Archiv: November 2008
Dank Goethe (Grazie a Goethe)
Dank der Großherzigkeit des Goethe-Instituts Neapel und speziell dank des Engagements der Direktorin Maria Carmen Morese hatte ich Gelegenheit, mein Buch zum ersten Mal in Italien vorzustellen: Ich war überwältigt von dem Interesse und der Anteilnahme, die man meinem Buch in Neapel entgegenbrachte, in der Tageszeitung „Il Mattino“ waren Auszüge erschienen, die Zeitung “Il Roma” berichtete ausführlich, und Franco Roberti, der leitende Oberstaatsanwalt der Antimafiaermittlungsbehörde war gekommen und sagte: “Organisierte Kriminalität wird vor allem im Ausland als ein Fremdkörper in der Sozialstruktur betrachtet – was jedoch überhaupt nicht der Fall ist.

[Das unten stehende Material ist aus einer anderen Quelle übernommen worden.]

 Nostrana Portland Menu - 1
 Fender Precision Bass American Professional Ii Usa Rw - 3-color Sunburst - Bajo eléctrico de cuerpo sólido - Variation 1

Bücher wie dieses, das wir heute Abend hier vorstellen, sind aus diesem Grunde so wichtig, weil sie dabei helfen, das Wissen über die Mafia zu verbreiten – eine Mafia, die vor allem vom Stillschweigen lebt und von der Ignoranz. Alles, was die Decke aus Schweigen durchbricht, ist hilfreich.”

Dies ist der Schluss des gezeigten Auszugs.